Recommends the best anomaly detection algorithm to the user given the characteristics of the dataset. The following algorithms are considered: 0: isolation forest; 1: local outlier factor; 2: one class support vector machine.
-
dataclean.
show_important_features
(X, y, data_name, features)¶ Show the most important features of the given dataset.
Computes the most important features of the given dataset using random forest, and present the 15 most useful features to the user with a bar chart.
Parameters: X : array-like, shape (n_samples, n_features)
Training vectors, where n_samples is the number of samples and n_features is the number of features.

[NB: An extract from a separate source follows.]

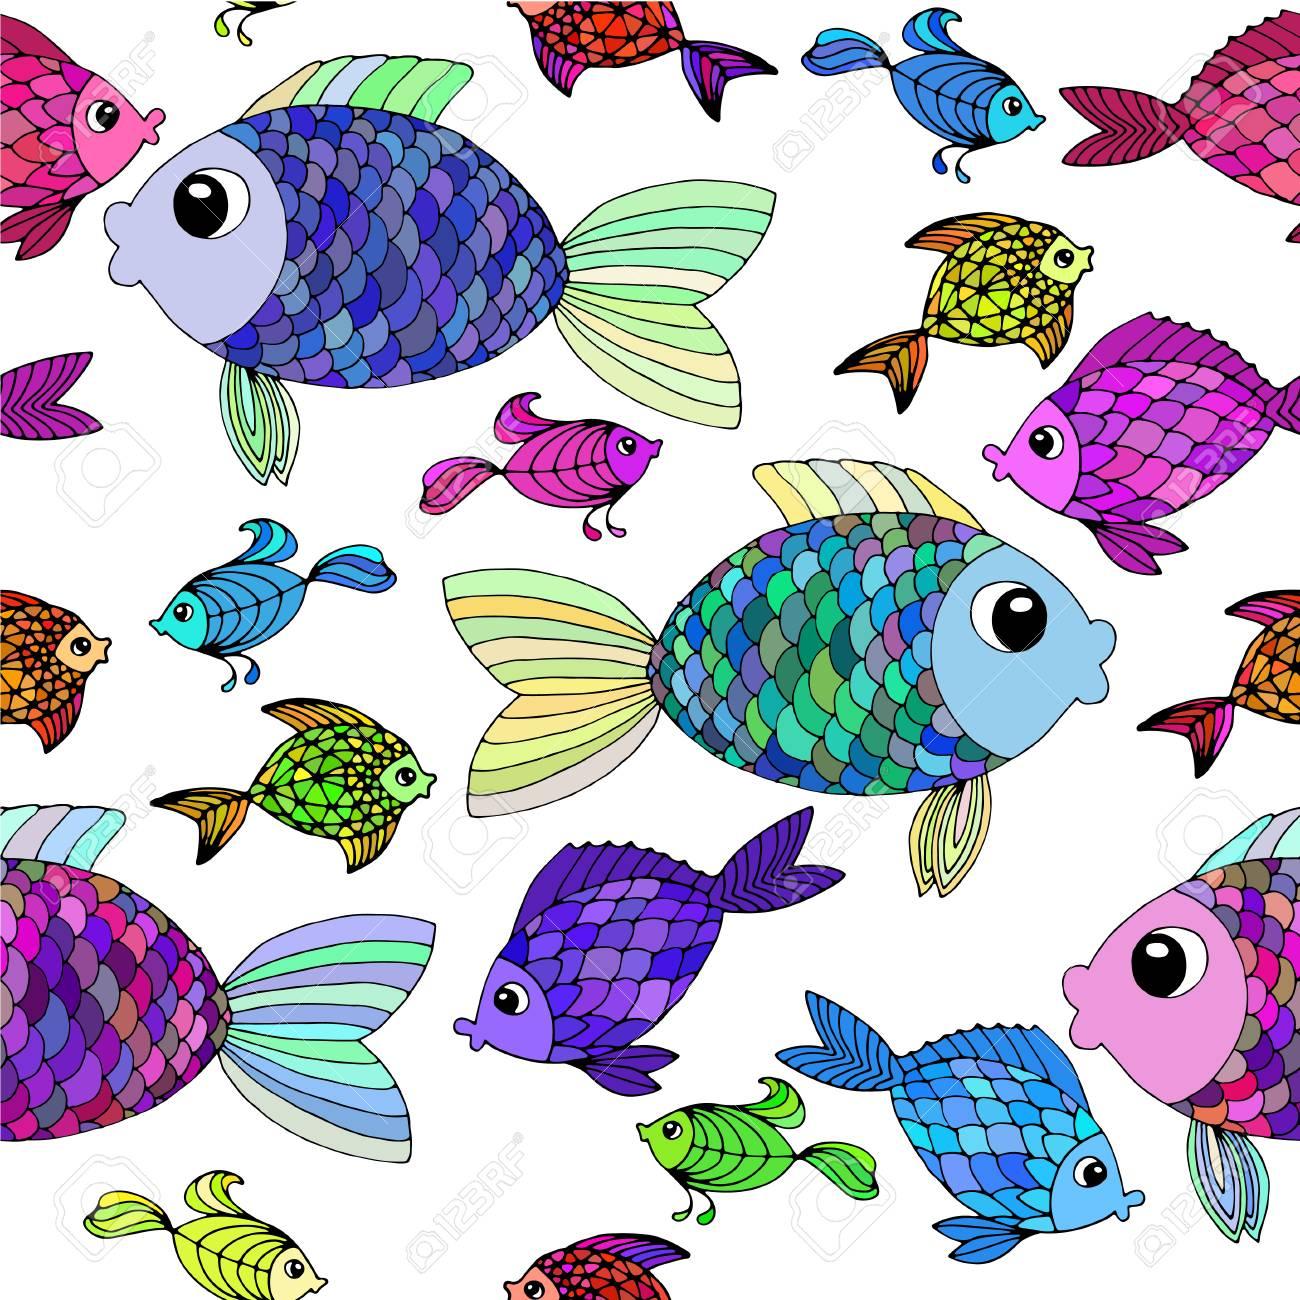 Cartoon Fish Background Stylized Hand Drawn Fish Wallpaper

y : array-like, shape (n_samples,)
Target values (class labels in classification, real numbers in regression).
data_name : string
Dataset name.
features : list
List of feature names.
-
dataclean.
show_statistical_info
(Xy)¶ Show statistical information of the given dataset
Parameters: Xy : array-like
-
dataclean.
train_metalearner
()¶ Train metalearner
-
dataclean.
unify_name_consistency
(names)¶ Unify inconsistent column names.
Parameters: names : list
List of original column names.
Returns: names : list
Unified column names.
-
dataclean.
visualize_missing
(df=None)¶ Visualize missing values.
The missingness of the dataset is visualized in bar chart, matrix and heatmap.
-
dataclean.
visualize_outliers_parallel_coordinates
(df_scaled, df_pred)¶ Visualizes high-dimensional outliers with a parallel coordinates plot.
-
dataclean.
visualize_outliers_scatter
(df, df_pred)¶ Visualizes high-dimensional outliers with a scatter plot.
Selects out the two features most likely to have outliers and shows them in a scatter plot.